_Your task:_ Below is a listing; retype exactly the lines between the one containing "Anna Karenina in Pursuit of Happiness" and the one containing "Joy To the World non hooded sweatshirt", inclusive, minus the pictures.

_Provided records:_
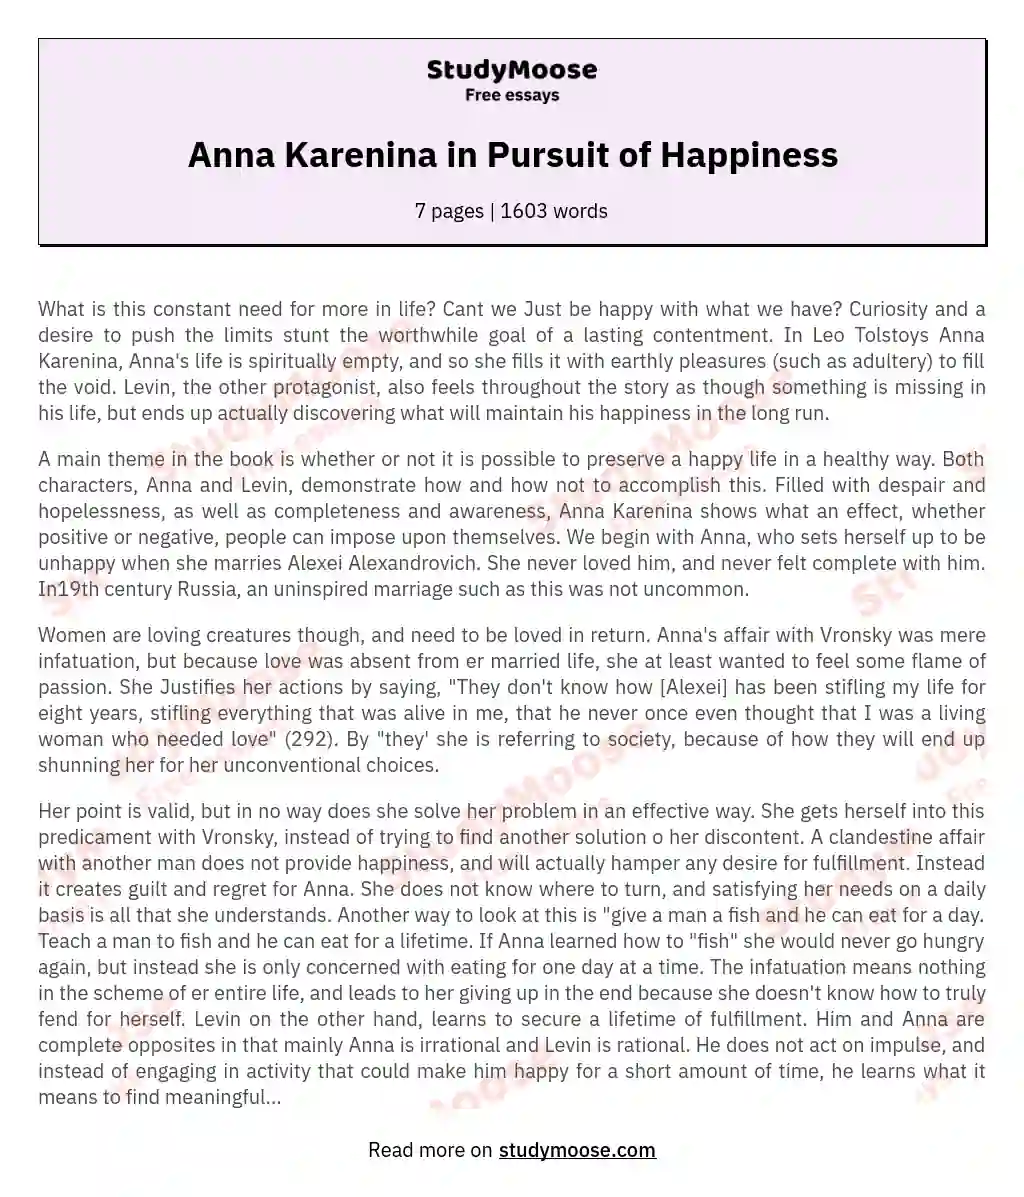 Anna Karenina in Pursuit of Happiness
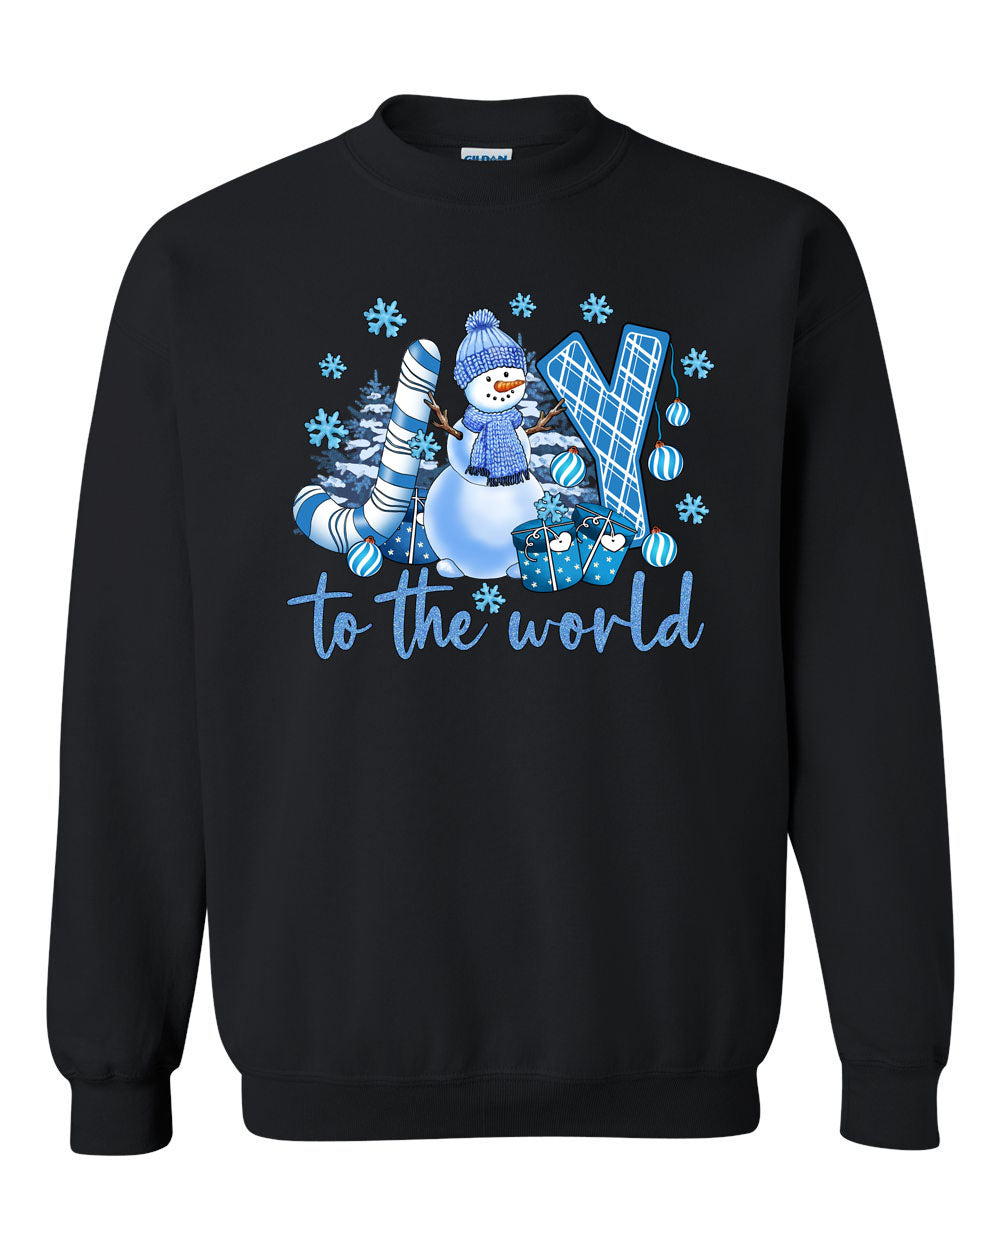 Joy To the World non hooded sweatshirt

==

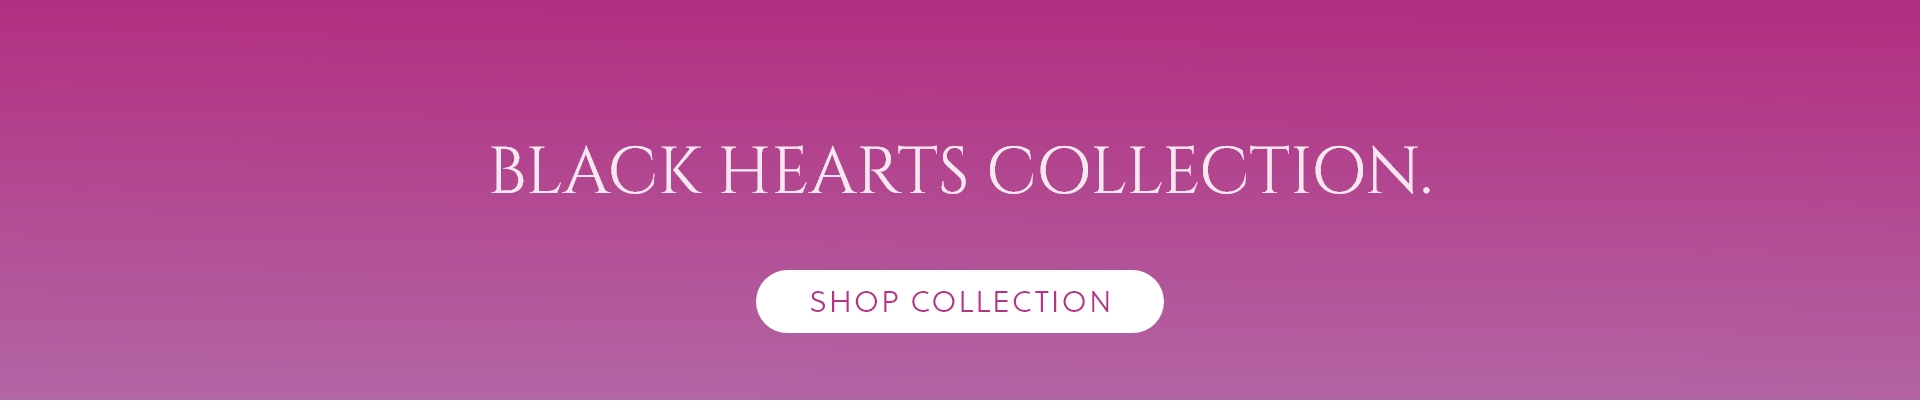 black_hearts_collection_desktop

==

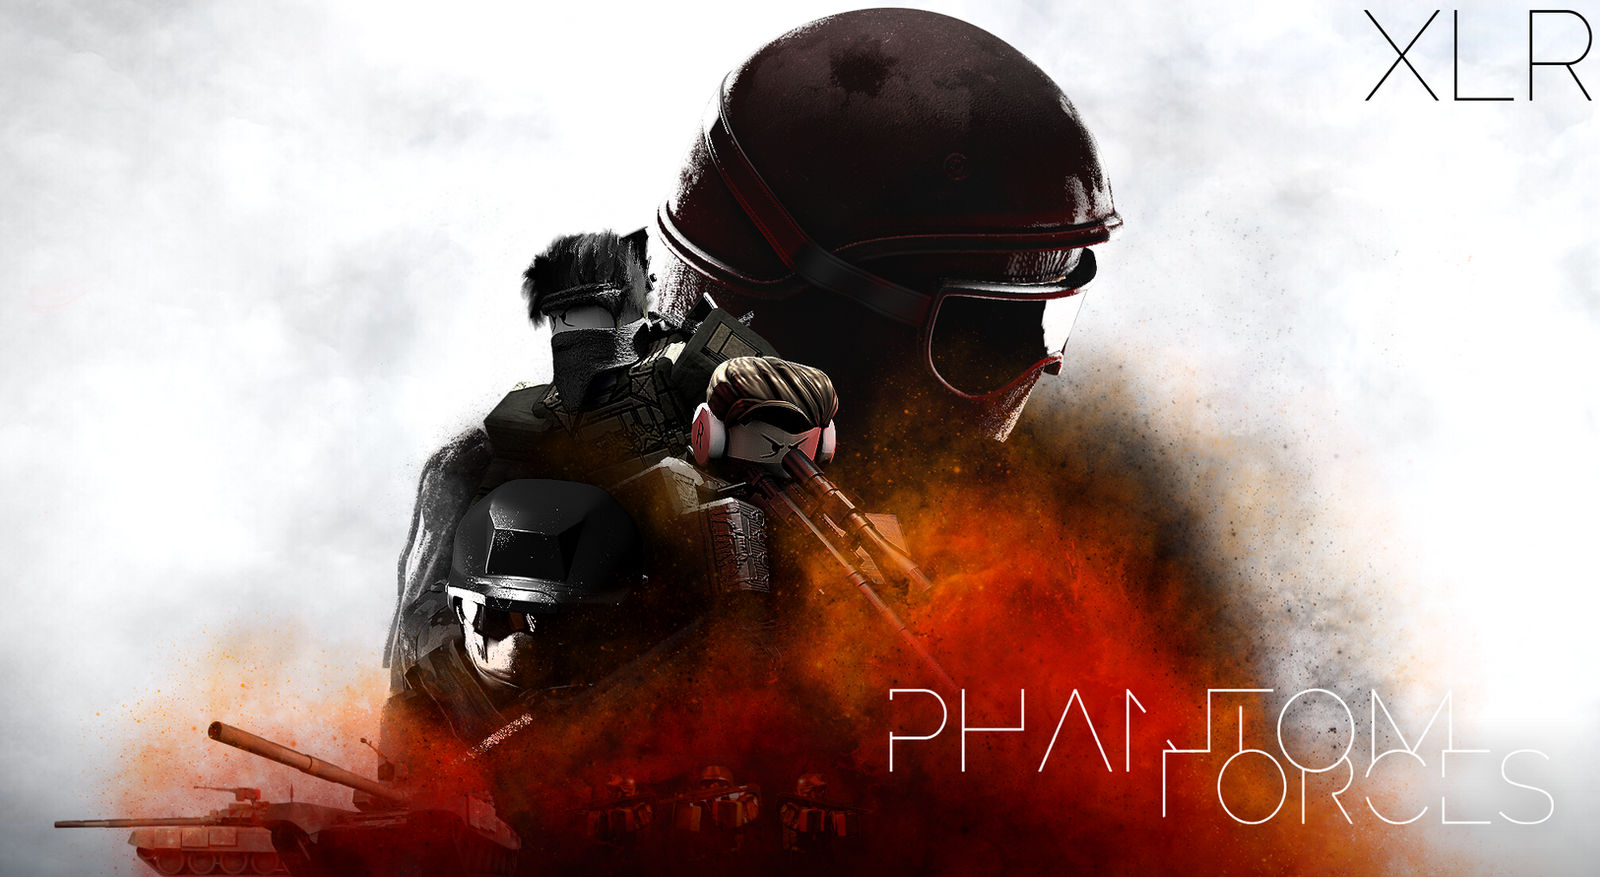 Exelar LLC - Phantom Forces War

_Exercise answer:_
 Anna Karenina in Pursuit of Happiness
 Joy To the World non hooded sweatshirt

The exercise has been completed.